Additionally, this added requirement would take up usable space in each vehicle, reducing capacity per transport. Many operators have invested significant capital on their fleet, upwards of $50,000-$100,000 per vehicle, each of which takes several weeks to fabricate to the existing requirements. Distributors have an economic incentive to protect the assets in their vehicles; this new proposed language adds no additional security to protect the assets, rather it only adds cost while reducing capacity.
Recommendation:
(1) This new language should be removed from § 5311(f) and the previous language reinstated.
(2) Increased standards, if required, should be phased in over time with a grandfather clause and/or transition period to allow time for existing distributors to continue to serve the market.

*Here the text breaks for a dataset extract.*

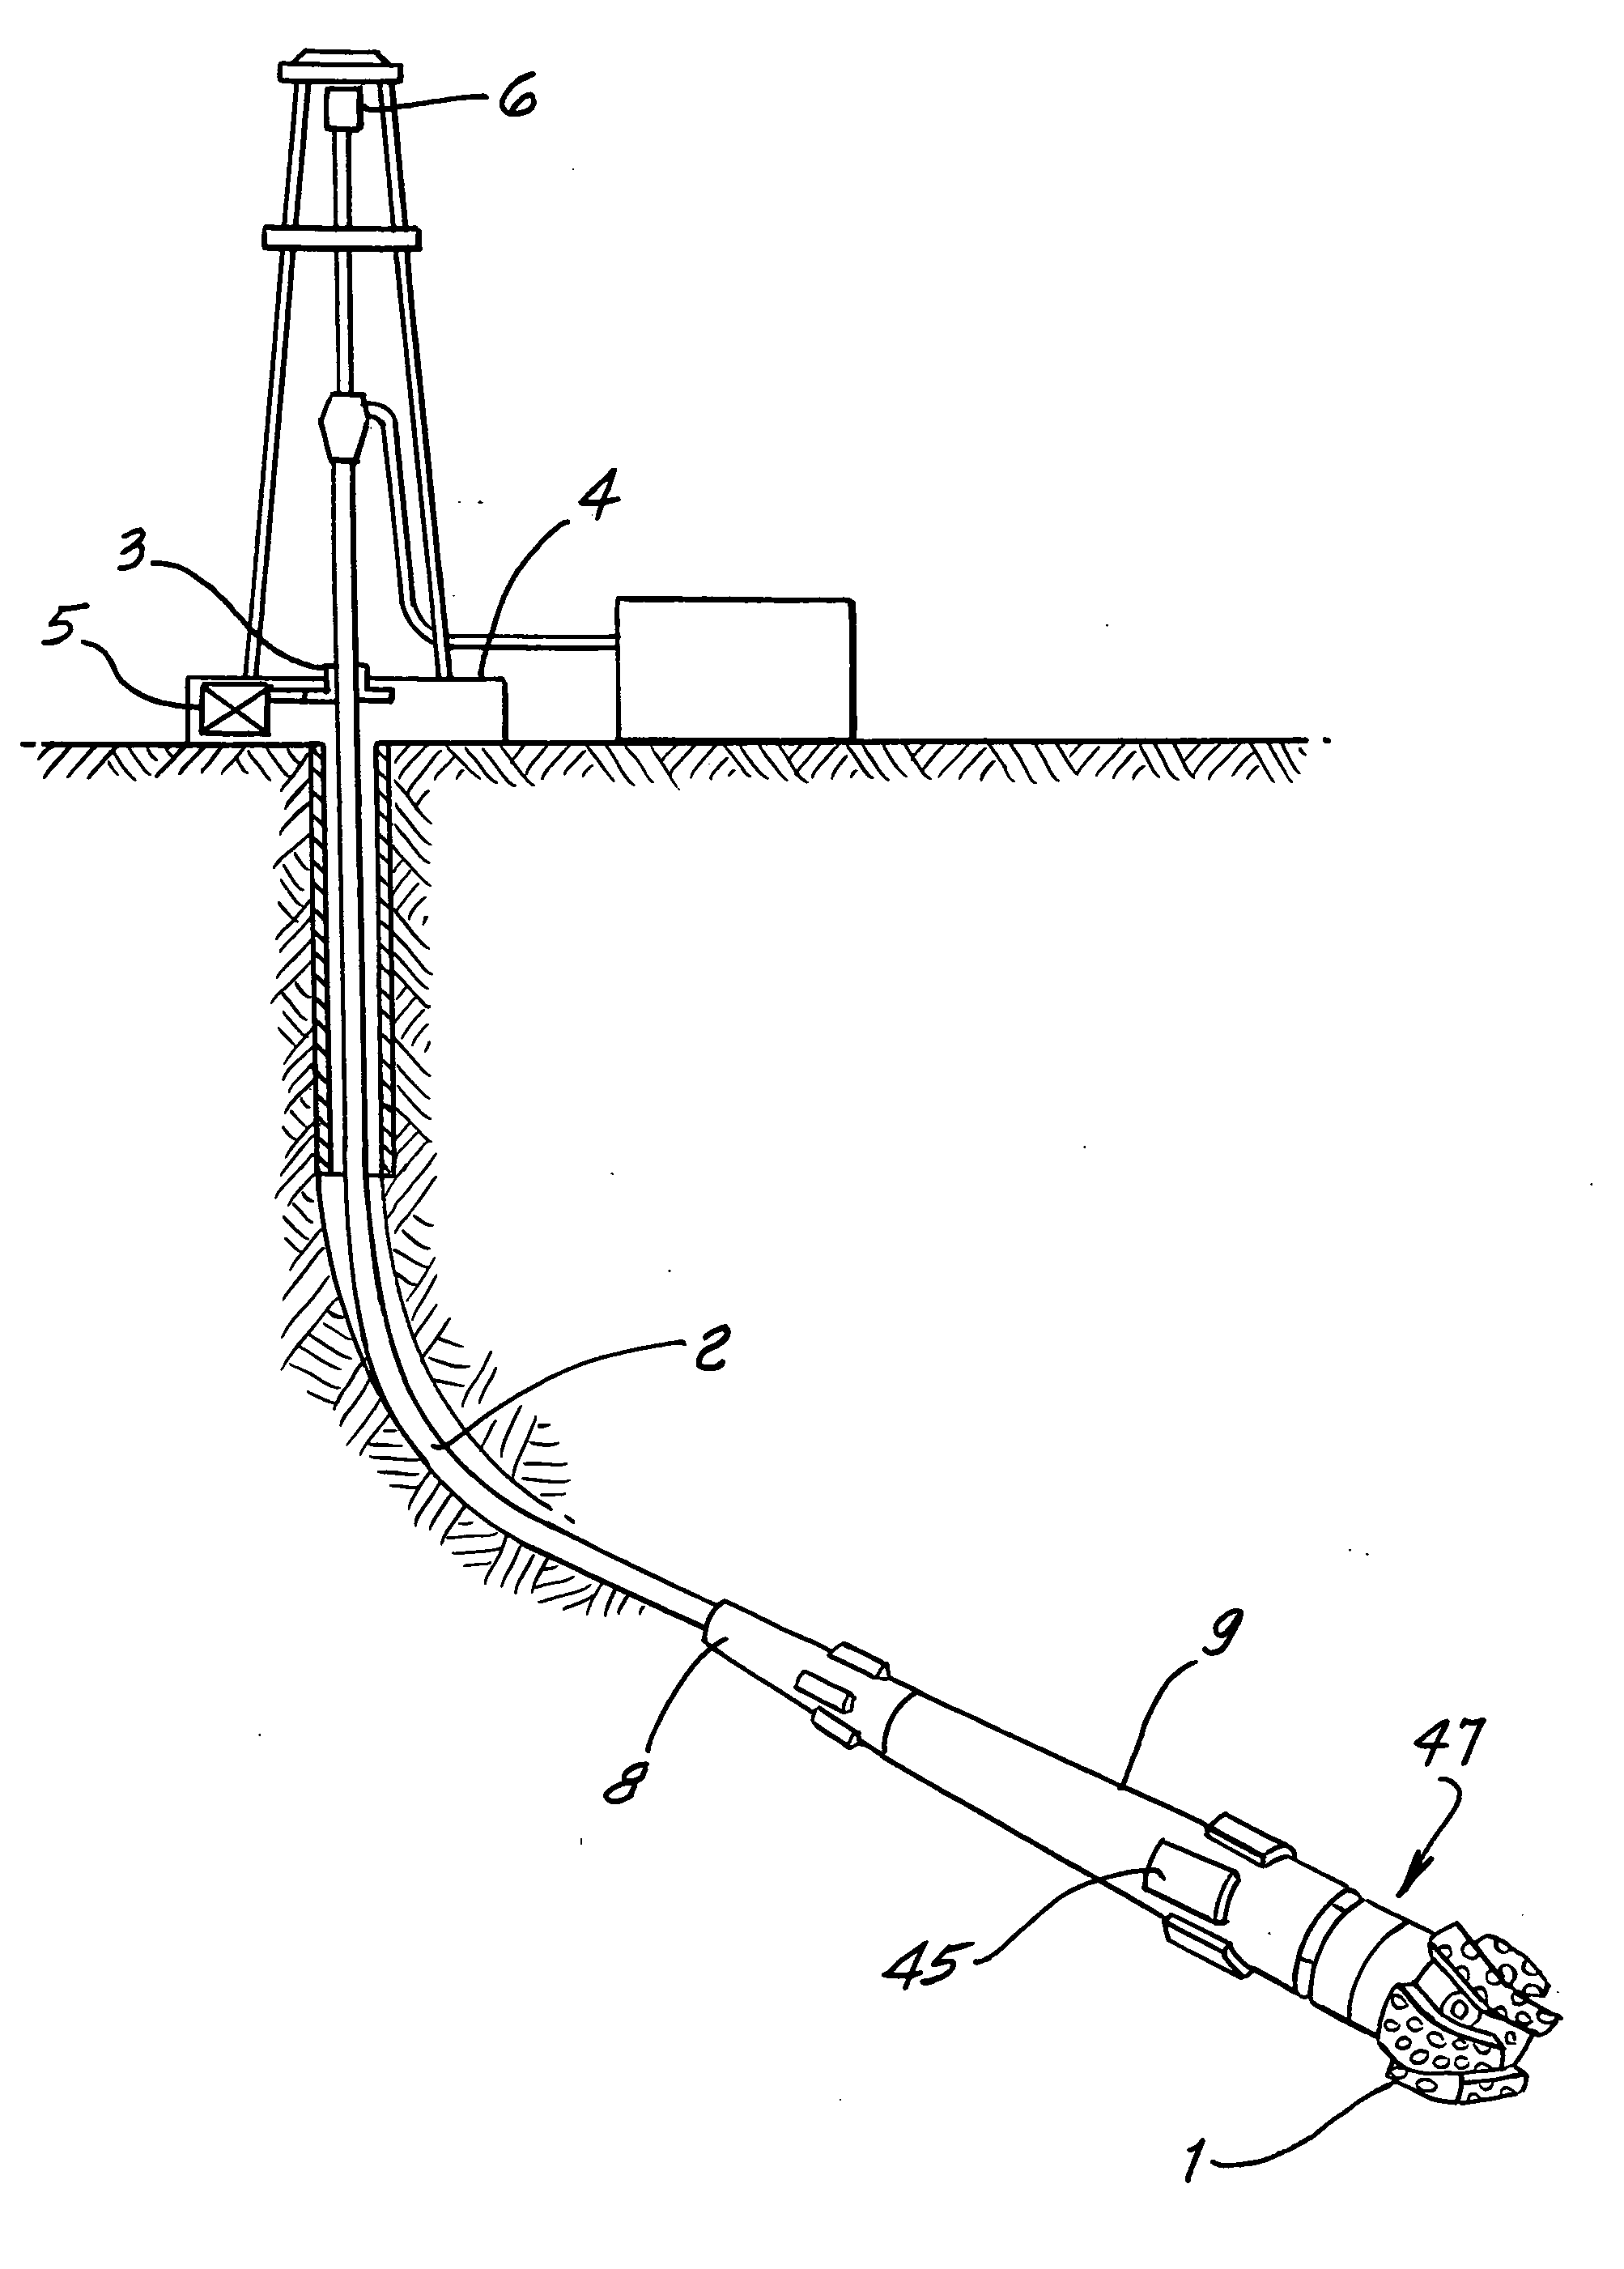 Steerable drilling apparatus having a differential displacement side-force exerting mechanism
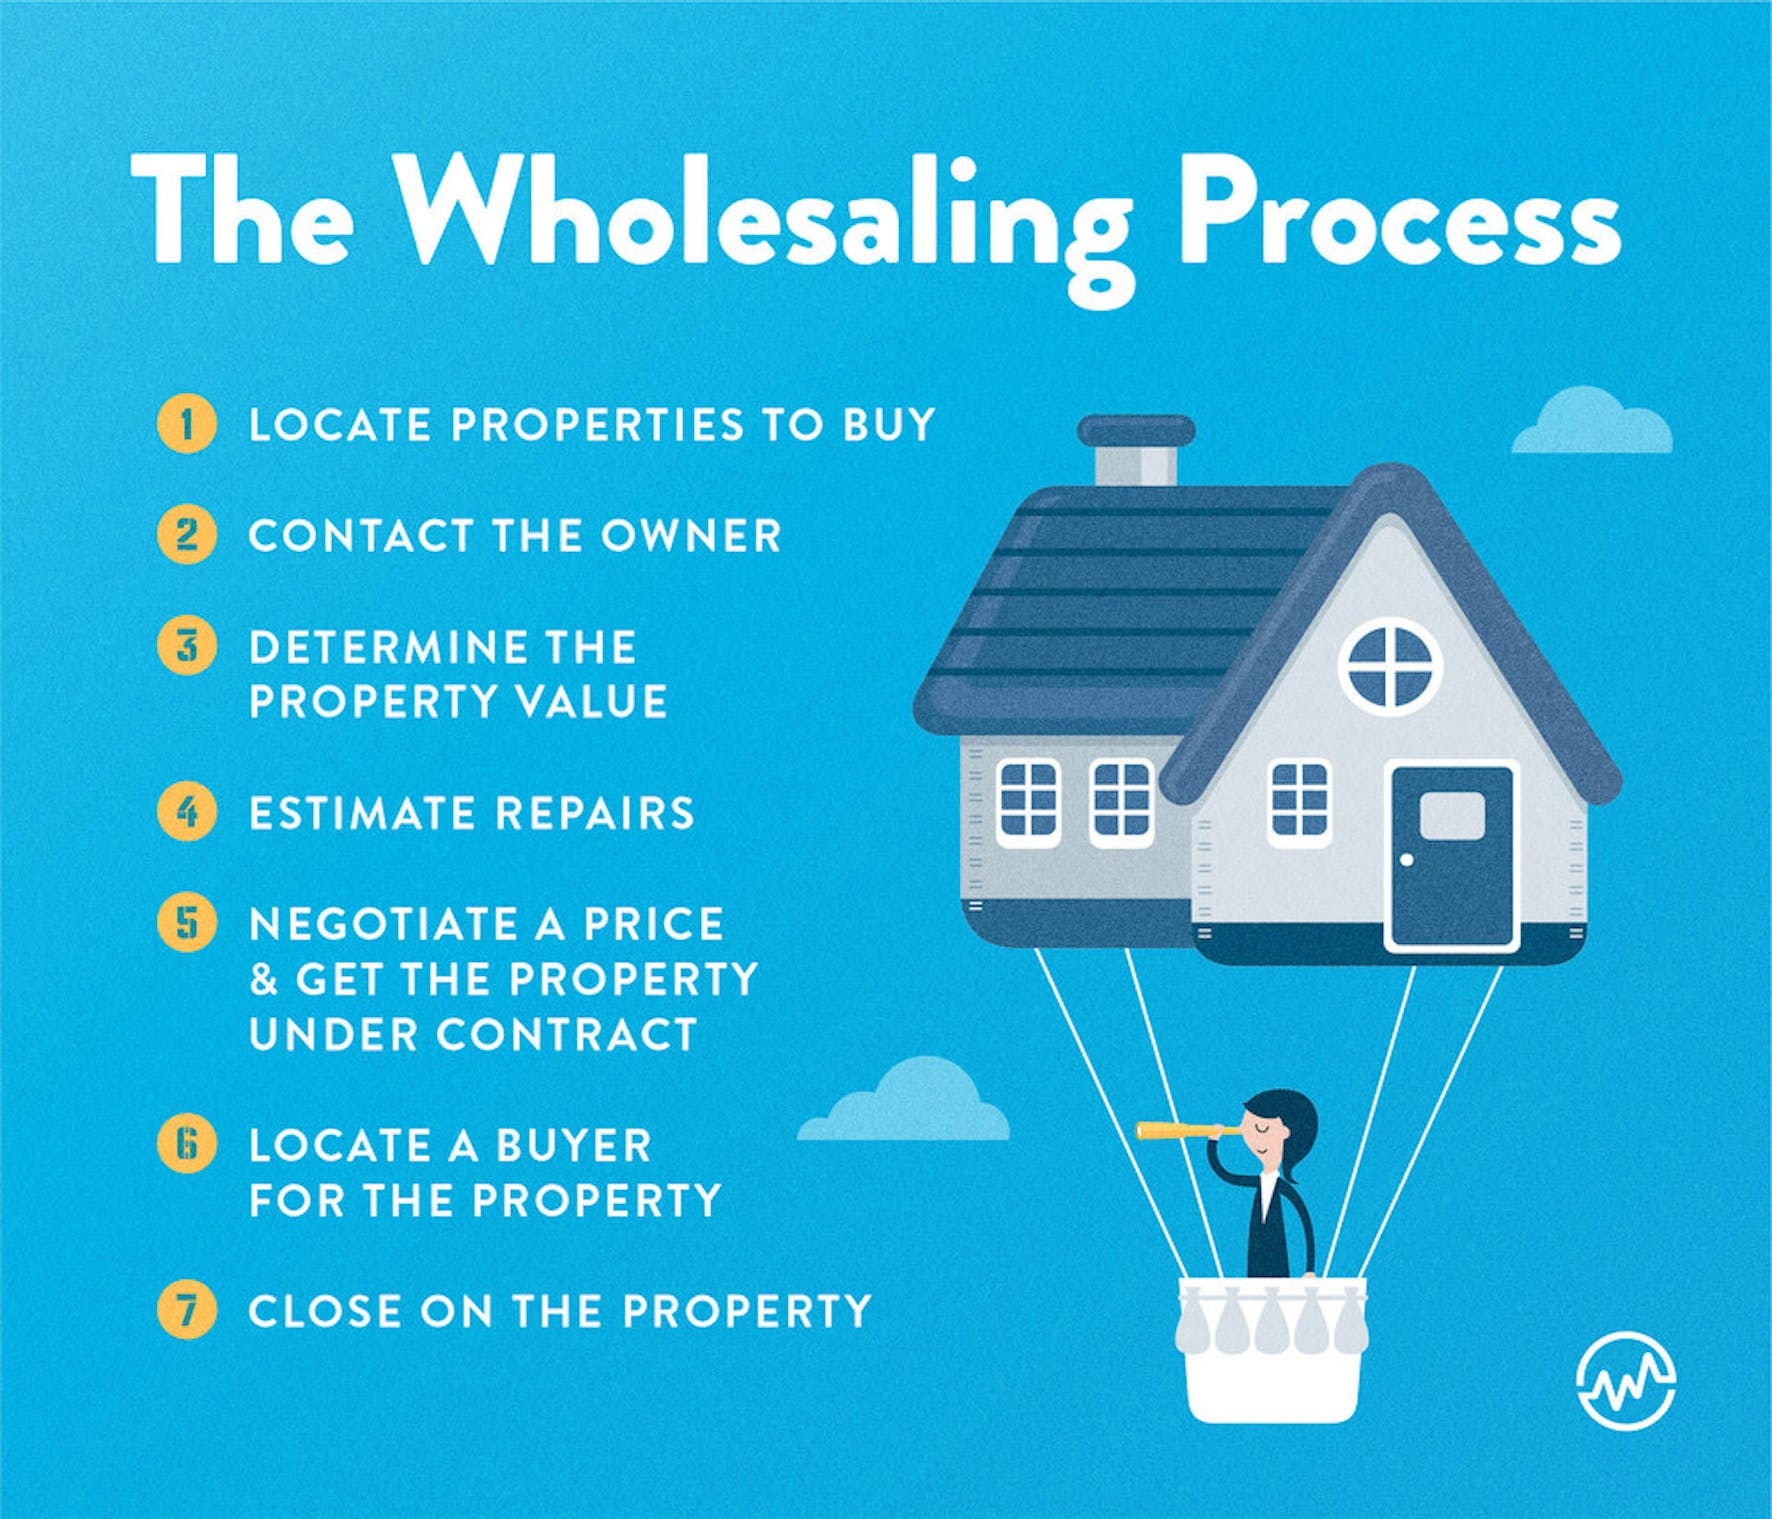 How to become a wholesaler in real estate

(3) Before instituting this requirement, we recommend an analysis of current vehicles which meet commercially reasonable security standards before imposing a possibly unnecessary expense on operators. Consider looking at the DEA’s specific measures required for the storage of controlled substances, which consider time required to breach and the gauge of steel.
California Department of Food & Agriculture
§ 8106 – Cultivation Plan and Shared Spaces
The proposed regulation as is warrants further review on its operational impacts. We respectfully disagree with the drafted language since its ban on shared spaces would be inconsistent with the provisions of state law, specifically AB 133 in which the legislature clearly intended to remove the provision that licensed premises be separate and distinct. The Legislature specifically states that “MAUCRSA authorizes a person to apply for and be issued more than one license provided the licensed premises are separate and distinct. This bill [AB 133] would remove the condition that the licensed premises be separate and distinct.” {Emphasis Added.}
Further, many affected Cannabis cultivators detrimentally relied on the Emergency cannabis regulations and AB 133 when designing their facilities and have invested large amount of capital, resources, labor, and time in creating their business models to maximize their limited space while also ensure they are in compliance with all required state rules. To force cultivators to redo the business layout is unreasonable and not in the interest of fundamental fairness/justice. Moreover, if the businesses were forced to remove one or more of their several licenses in order to comply with the proposed changes, it would force operators to delay or remove harvested lots ready for sale.
While we understand the Department’s intent in ensuring that cannabis goods grown, treated with pesticides, and stored within shared spaces are properly tracked in accordance with the applicable license, we believe this intent is already achieved in other ways. Such common-sense policies could include ensuring that tables, pesticides storage shelves, and storage bins are clearly marked with labels designated with the applicable licensee number. We believe that once METRC is live, all cannabis within the cultivation facility will be tracked from seed to sale through scannable RFID tags, eliminating any concern that cannabis goods won’t be able to be tracked to the applicable licensee.
Recommendation:
(1) Remove the language prohibiting shared spaces and instead require cannabis goods within shared spaces to be marked with the applicable licensee’s information.